What is Tennis Elbow?

Tennis elbow is a common condition that causes pain in the lateral aspect of the elbow.  This condition represents one of the most common reasons for elbow pain seen in  an orthopedic practice.  Oftentimes, the patient’s pain occurs not because of tennis or any other athletic endeavor, but  occurs because of a repetitive overuse mechanism of injury.  Using a keyboard or mouse is often the cause of pain.  The pain results from degeneration of the extensor tendon insertion of the muscles of the forearm and wrist.

Workup for this problem includes plain x-rays.  The purpose of obtaining plain x-rays is to ensure that there is no other elbow pathology responsible for the patient’s pain.  Elbow x-rays tend be normal when a diagnosis of tennis elbow is made but other conditions such as elbow arthritis can be excluded by obtaining plain x rays.  Perhaps, the most important factor in diagnosing tennis elbow is the fact that the patient is tender to touch over the lateral epicondyle. The patient will also have pain with resisted wrist extension.  MRI is seldom required to make the diagnosis of tennis elbow because clinical examination and history are usually sufficient to make this diagnosis.

The treatment of tennis elbow begins with activity modifications.  As tennis elbow is often caused by a repetitive overuse type of mechanism, any steps to alleviate the causative factors will be helpful.  If in fact tennis elbow is caused by tennis, minor modifications such as changing the grip of the tennis racket to a more appropriate size may alleviate symptoms.  When tennis elbow is caused by computer use, minor modifications to the patient’s workstation to make access to the keyboard or mouse easier will often alleviate some of the symptoms.  Orthopedically, treatment includes anti-inflammatories as well as a tennis elbow strap.  Tennis elbow straps are available at many local stores such as Target and Walmart, and are certainly available at medical supply stores or through prescription.

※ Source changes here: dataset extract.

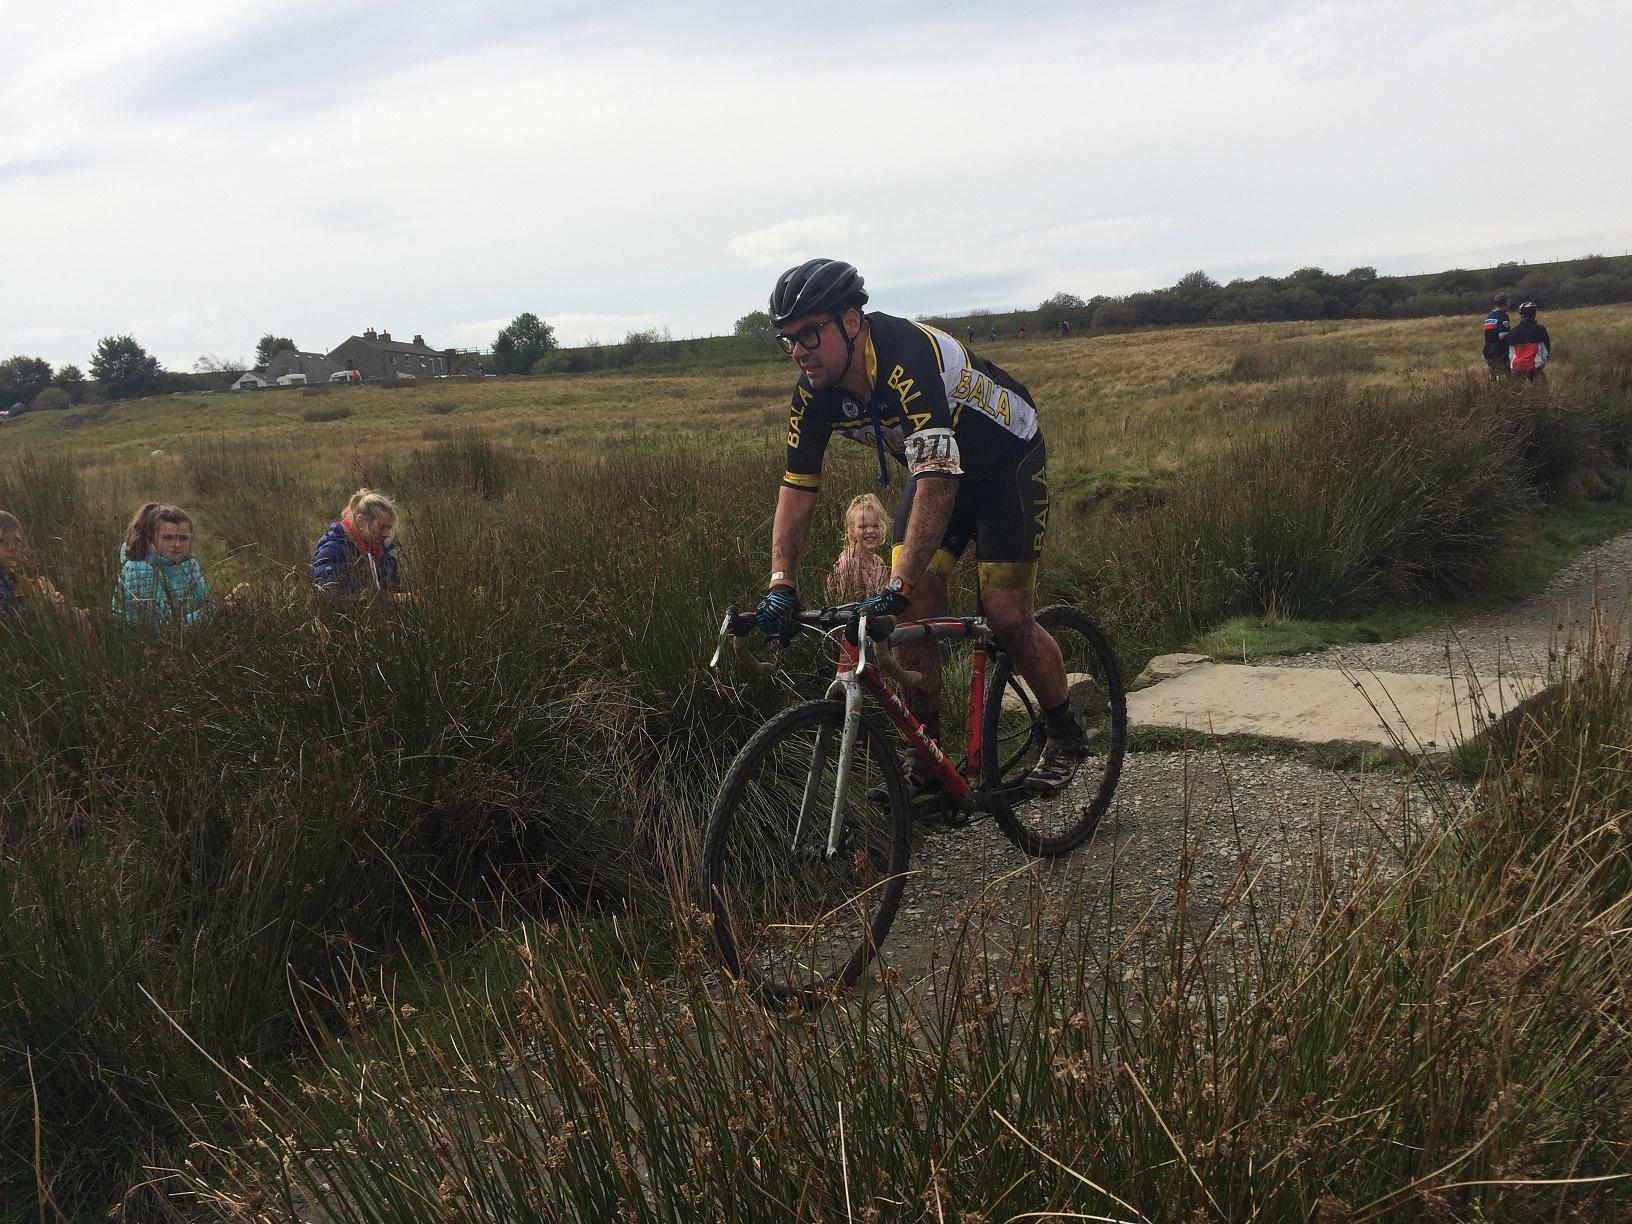 3 peaks cyclocross 2017

The orthopedic surgeon with the patient’s permission may elect to inject the elbow with cortisone.  The risks of cortisone injection include skin depigmentation as well as fat atrophy.  This is a very seldom seen complication of subcutaneous cortisone injections but is sometimes seen nonetheless.  Physical therapy is also very helpful to treat this condition.  Rarely, does a patient require surgery for this condition.  In fact, less than 5% of patients will ever require surgery for tennis elbow.  The reason that very few patients require surgery for tennis elbow is secondary to the fact that a lot of patients symptoms will eventually “burnout” over a year to 18 months even if no treatment is instituted.

Other alternative treatments for tennis elbow include injection of the lateral epicondyle with platelet derived growth factor.  Platelet-derived growth factor involves aspiration of the patient’s blood which is spun down in the centrifuge to collect the platelets which have healing factors which may help tennis elbow resolve when injected back into the lateral elbow.  Oftentimes, insurance does not cover this procedure and this is an out-of-pocket expense for patient’s.  Given failure of patient’s pain to resolve for at least 6 months, the patient may consider the option of surgery.  The surgery involves a small open incision over the lateral epicondyle.  Dissection is carried down through the tendon which is most commonly involved with tennis elbow, the extensor carpi radialis brevis.  This tendon is debrided and small drill holes are made in the lateral epicondyles to promote regeneration of the tendon.  This is a very short, simple  procedure that takes less than 15 minutes to perform.  Even though this procedure is very simple, the vast majority of patients resolve their pain without need for surgical intervention.